= Beginning of Section =

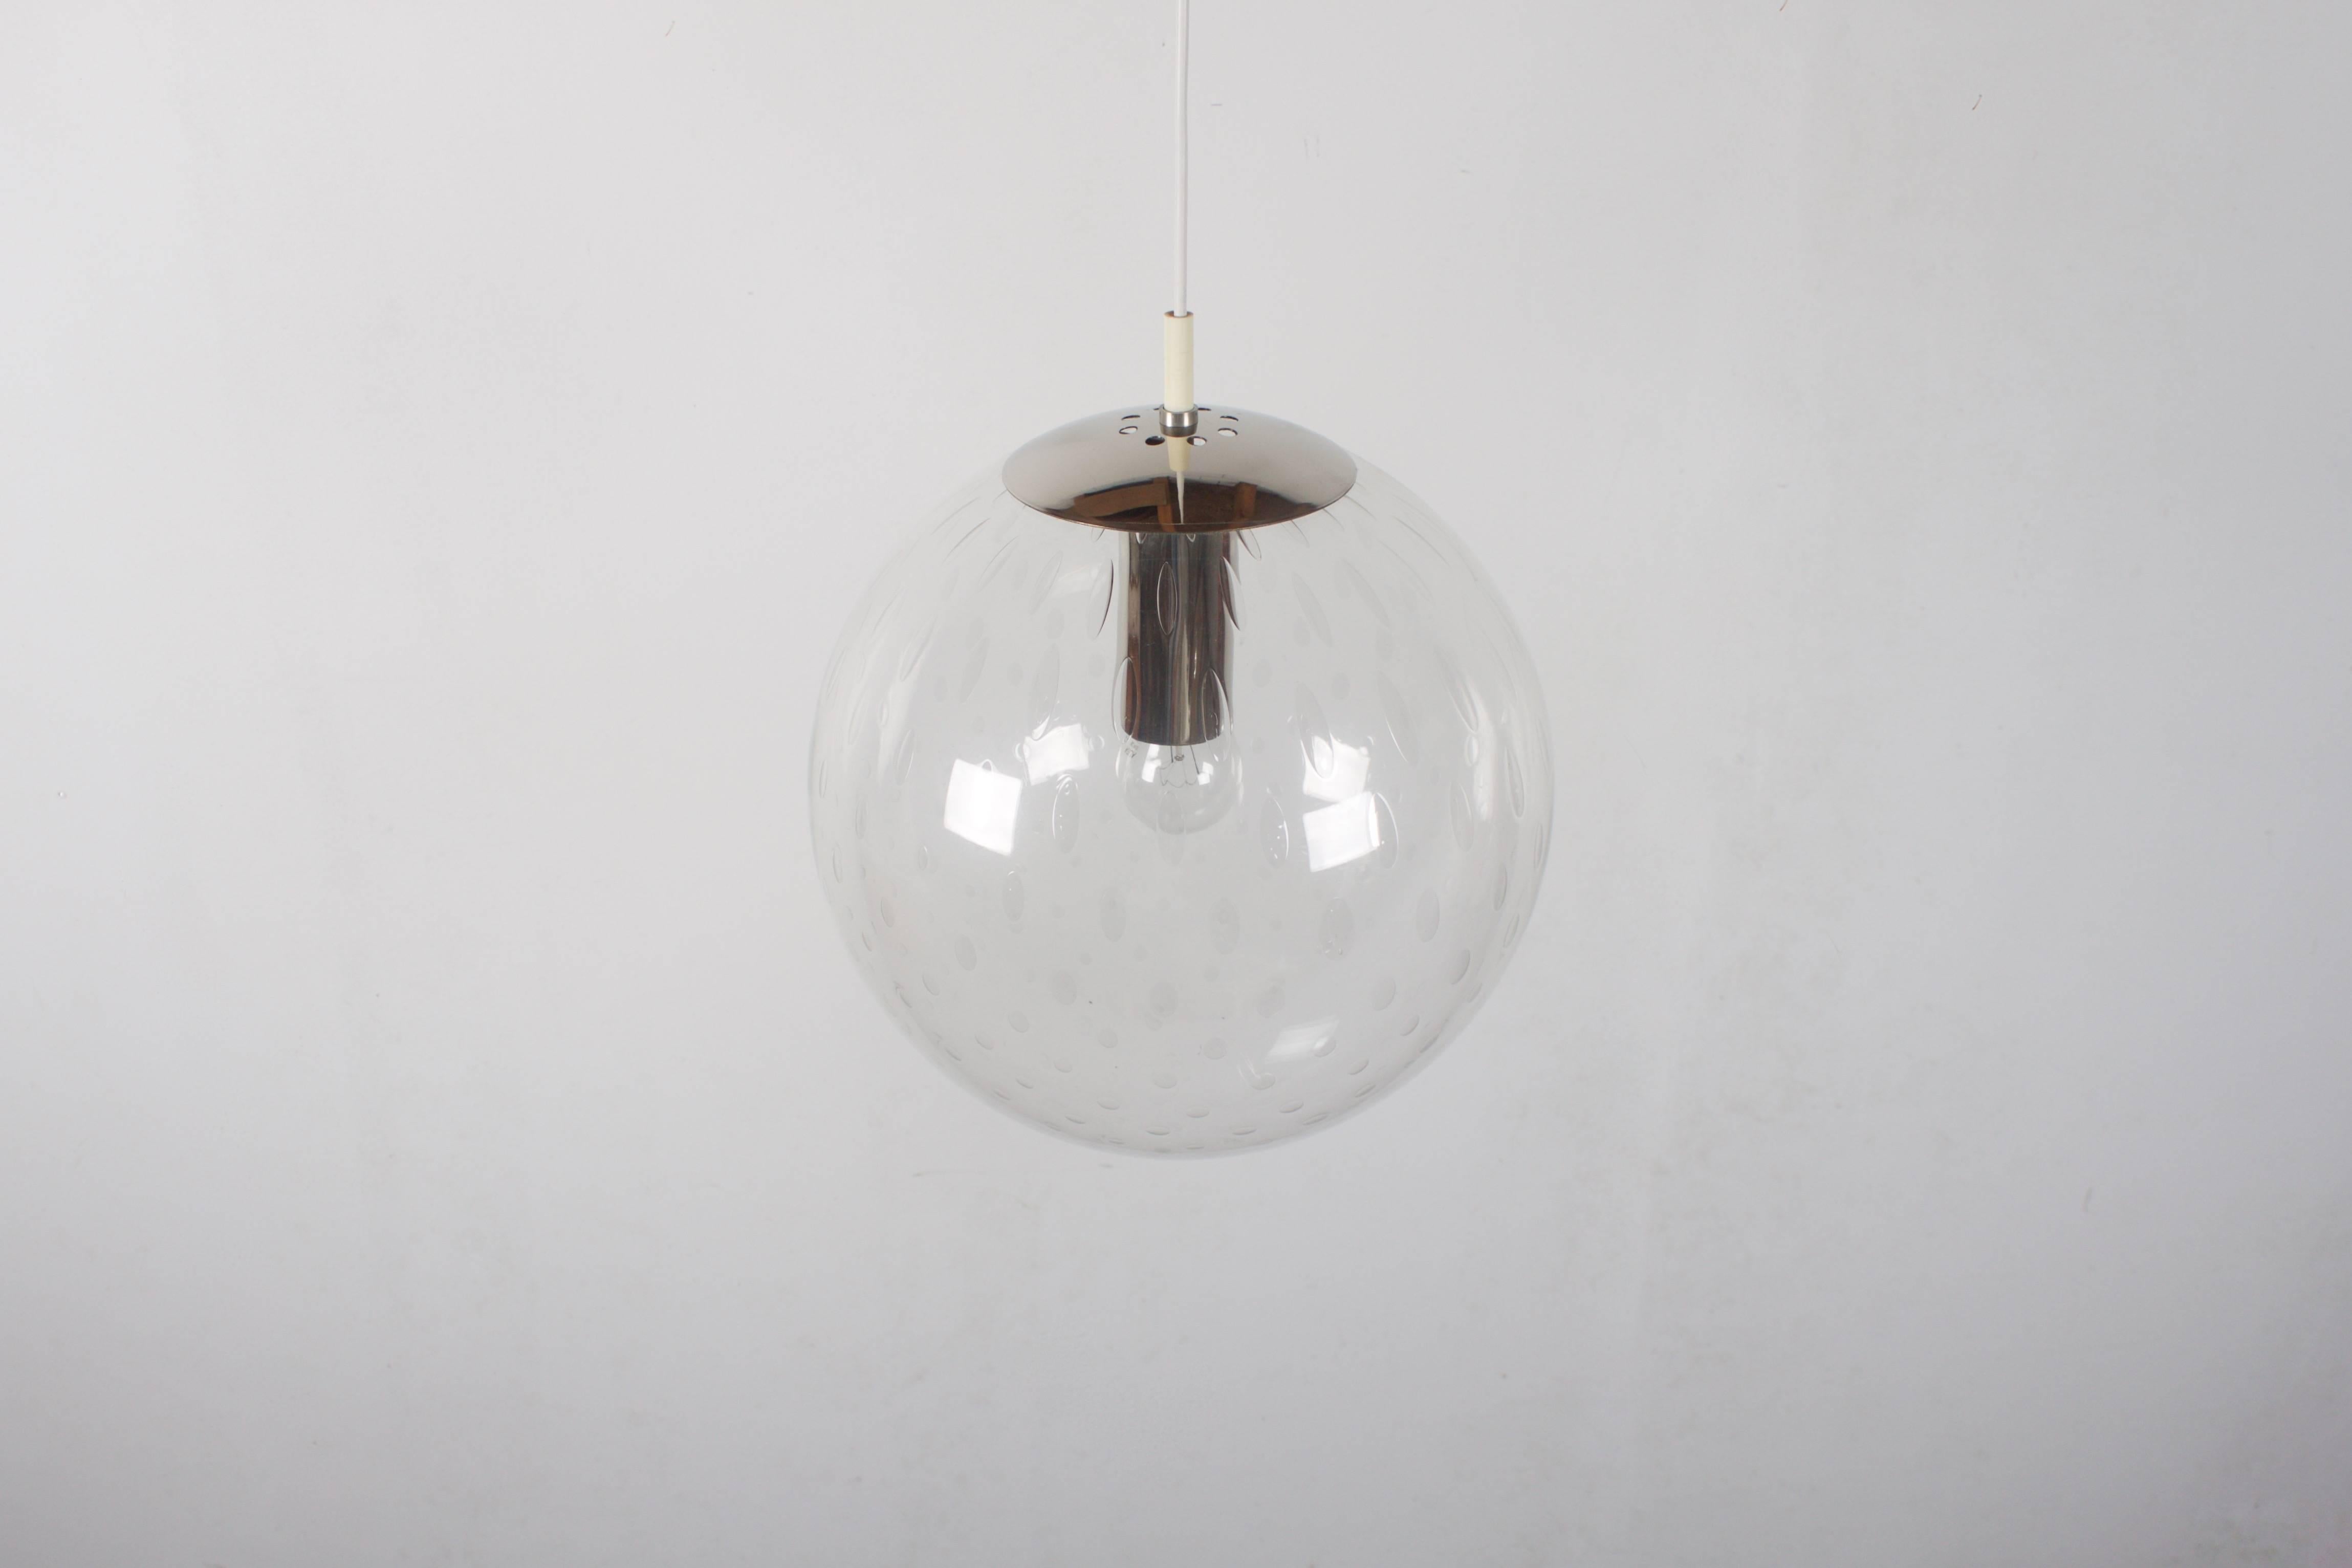 Large ‘Light-drops’ Pendant by RAAK Amsterdam in very good condition.

Four lamps available.

Handblown glass 35 cm. (13.78 Inch) globe with a teardrop pattern trapped inside the glass.

The pattern in the globes creates a spectaculair effect when

= End of Section =

▸ **EXERCISE REQUIREMENTS**
Count each line above with "pattern"; write only the number.

▸ **EXERCISE RESPONSE**
2